The participating minor must be the child, stepchild, legal ward or grandchild of the permit-holding mentor, or the minor must have a life-threatening illness.

What permits:
All general season, limited entry and once-in-a-lifetime big game permits and all antlerless big game permits are eligible to share.


Any thoughts, Am I inturpiting this correctly?


----------



## GaryFish (Sep 7, 2007)

I'm OK with that. If Gramps want Junior to shoot his moose, figuring it would mean more to the kid? OK by me. Being 20 years behind in collecting points, kid will never draw anyway.


----------



## High Desert Elk (Aug 21, 2012)

GaryFish said:


> I'm OK with that. If Gramps want Junior to shoot his moose, figuring it would mean more to the kid? OK by me. Being 20 years behind in collecting points, kid will never draw anyway.


Me too.


----------



## gdog (Sep 13, 2007)

So...if I let my son shoot my OIL moose....can he shoot another moose if he drew his own tag later on?


----------



## bowhunt3r4l1f3 (Jan 12, 2011)

gdog said:


> So...if I let my son shoot my OIL moose....can he shoot another moose if he drew his own tag later on?


As far as I understand it right now, yes.


----------



## GaryFish (Sep 7, 2007)

Theoretically, yes.

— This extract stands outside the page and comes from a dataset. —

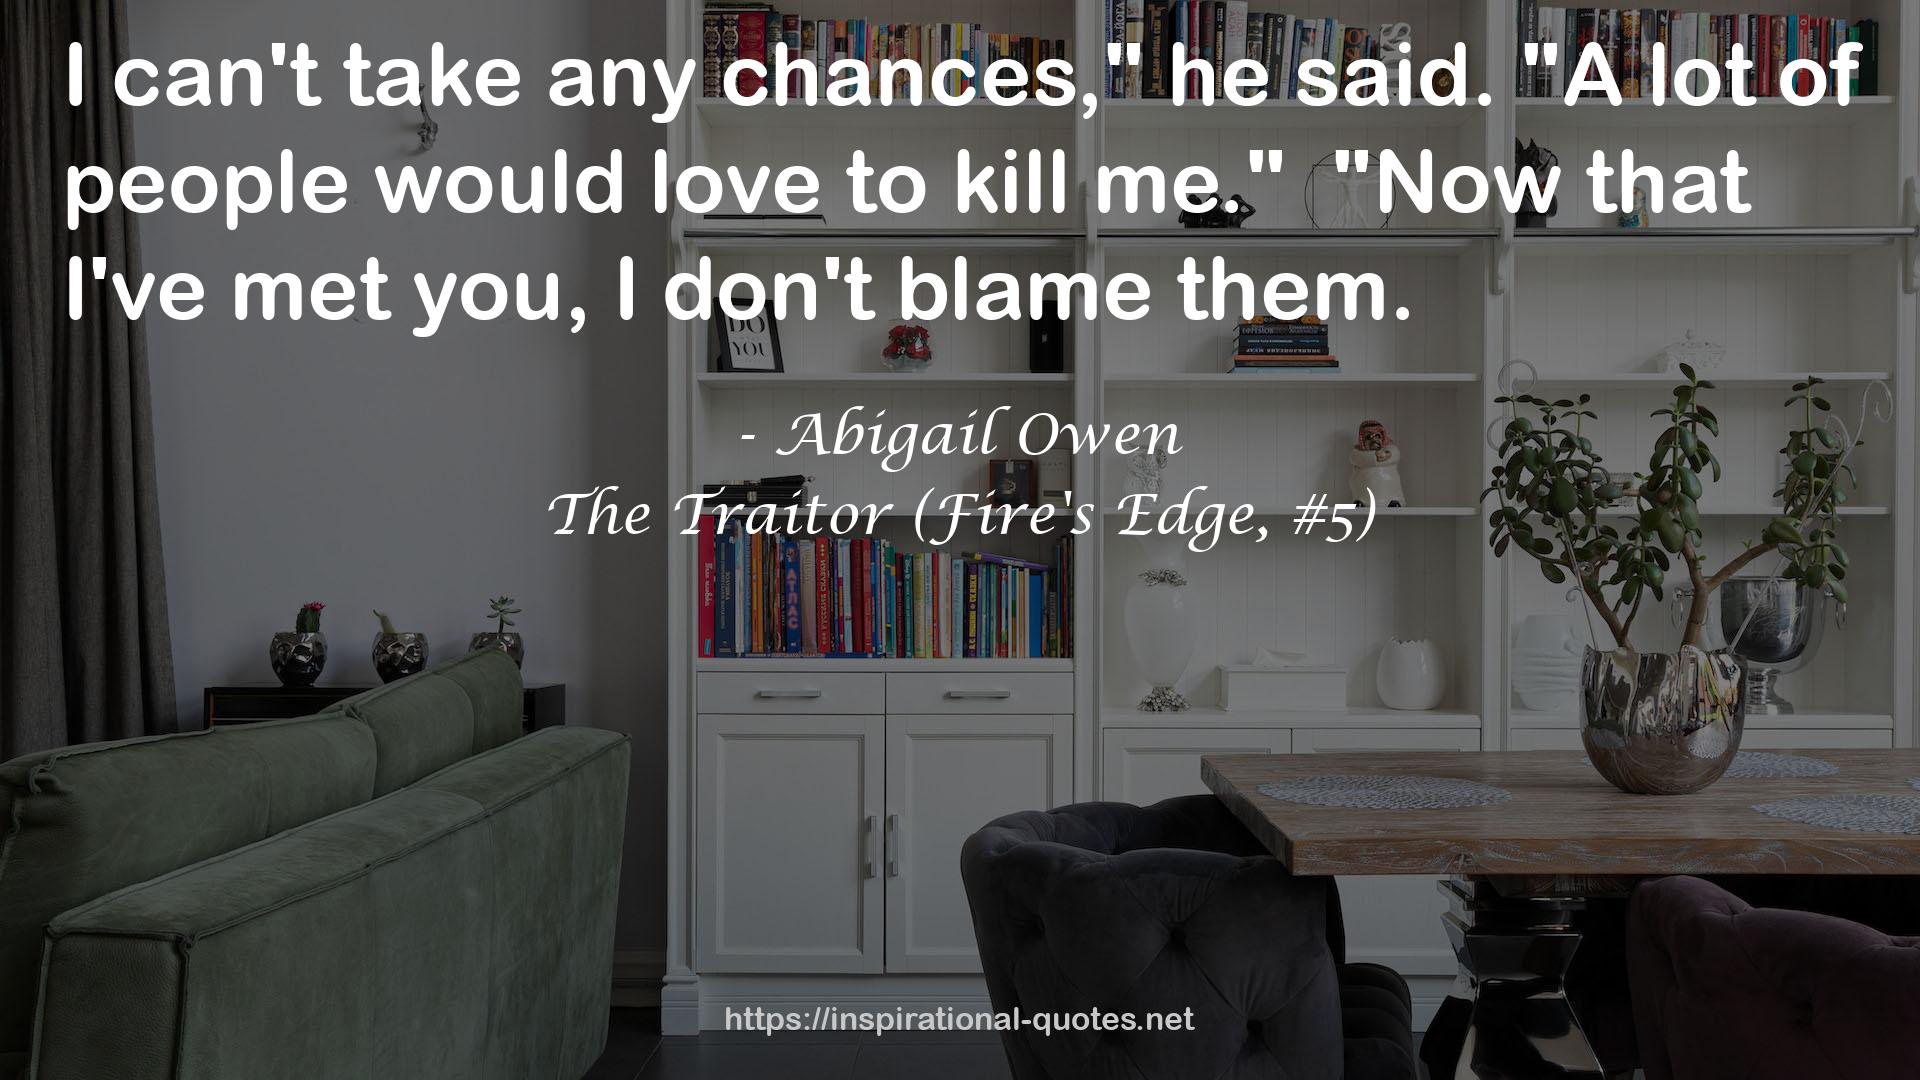 The Traitor (Fire's Edge, #5) QUOTES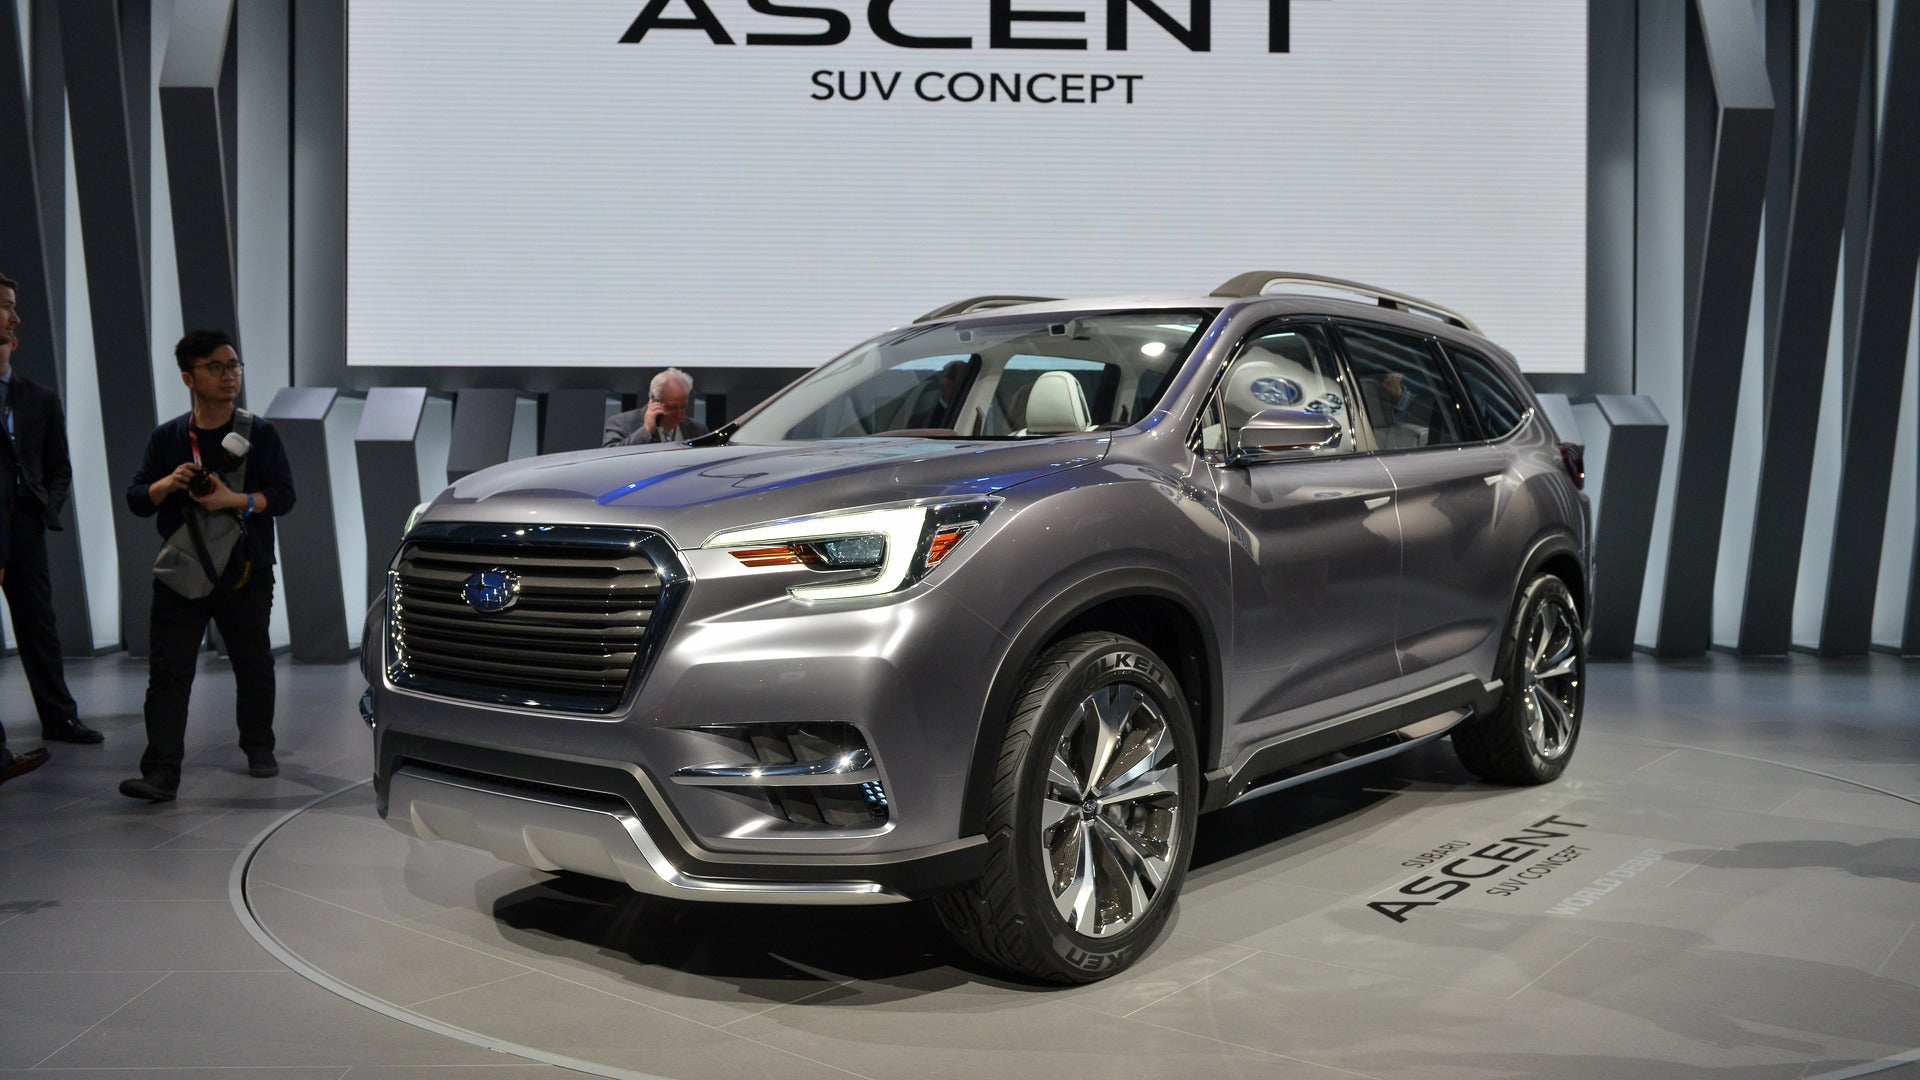 2018 Subaru Ascent SUV Revealed in New York

Realistically, no. Any kid now is at least 20 points behind the HUGE backlog of people that have been applying. Heck, I have 10 points, and don't figure I'll draw until 2237. And by that time, I could have bought a CMWU hunt, or paid to go hunt Alaska or Canada. Several times. If shooting a moose is THAT important, there are plenty of options available to me.


----------



## gdog (Sep 13, 2007)

Doesn't need to be moose..used that as just an example....pick another OIL species that has enough tags to have regular and bonus tags to be drawn....in which case they could get grandpa's tag and one of their own down the road.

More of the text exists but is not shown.